Stavros enfocó los prismáticos y escudriñó de nuevo la escena. Nada había cambiado. El gigantesco Boeing permanecía estoicamente inmóvil, y podía ver las ondas del humo y el aire caliente que se elevaban detrás de cada uno de los motores. Los diversos vehículos del Servicio de Emergencia y los coches policiales mantenían sus posiciones. A lo lejos, un equipo similar se hallaba estacionado a distancia de la pista, quemando combustible y haciendo lo mismo que todos los demás: nada.
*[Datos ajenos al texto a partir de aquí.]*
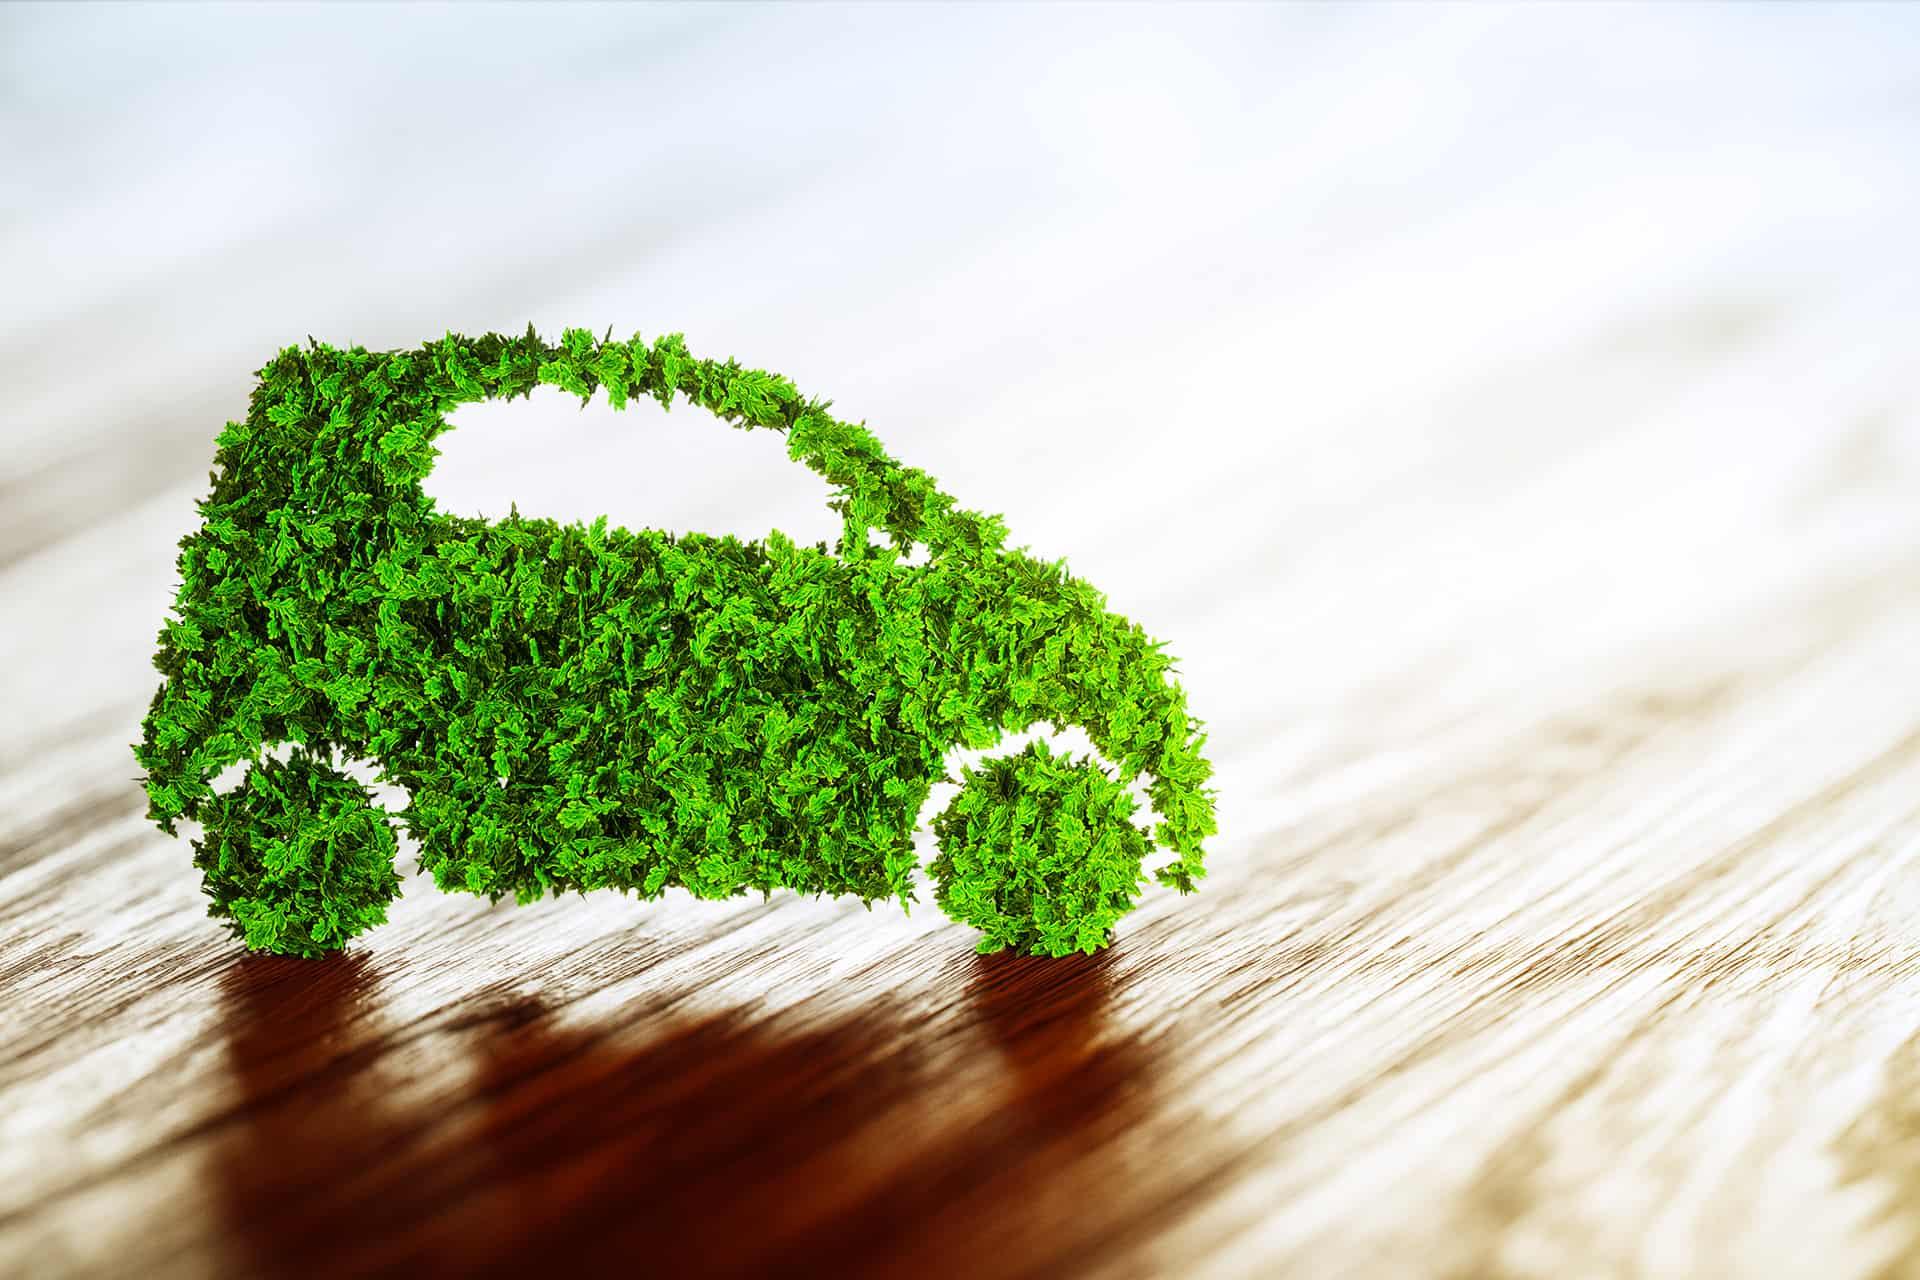 Grønt gress som er formet som en bil

Quienquiera que fuese el que había intentado atraer la atención del piloto -probablemente McGill- había desistido y permanecía allí, de pie, con las manos en las caderas y un aire ciertamente estúpido, como si estuviese enojado con el 747.
Lo que no tenía sentido para Stavros era la actitud del piloto. Cualquiera que fuese el problema, el primer impulso de un piloto sería despejar una pista activa a la primera oportunidad. Pero el Boeing 747 continuaba allí, inmóvil.
Hernández dejó la radio y preguntó a Stavros:
– ¿Debo llamar a alguien?
– No queda nadie a quien llamar, Roberto. ¿A quién vamos a llamar? Los tipos que se suponía que iban a sacar de ahí al jodido avión están tocándose las narices a su alrededor. ¿A quién voy a llamar ahora? ¿A mi madre? Ella quería que yo fuese abogado… -Stavros se dio cuenta de que estaba perdiendo los estribos y procuró calmarse. Volvió a inspirar profundamente y le dijo a Hernández-: Llama a esos payasos de ahí abajo. -Señaló hacia el grupo congregado al final de la Cuatro-Derecha-. Llama a Pistolas y Mangueras. McGill.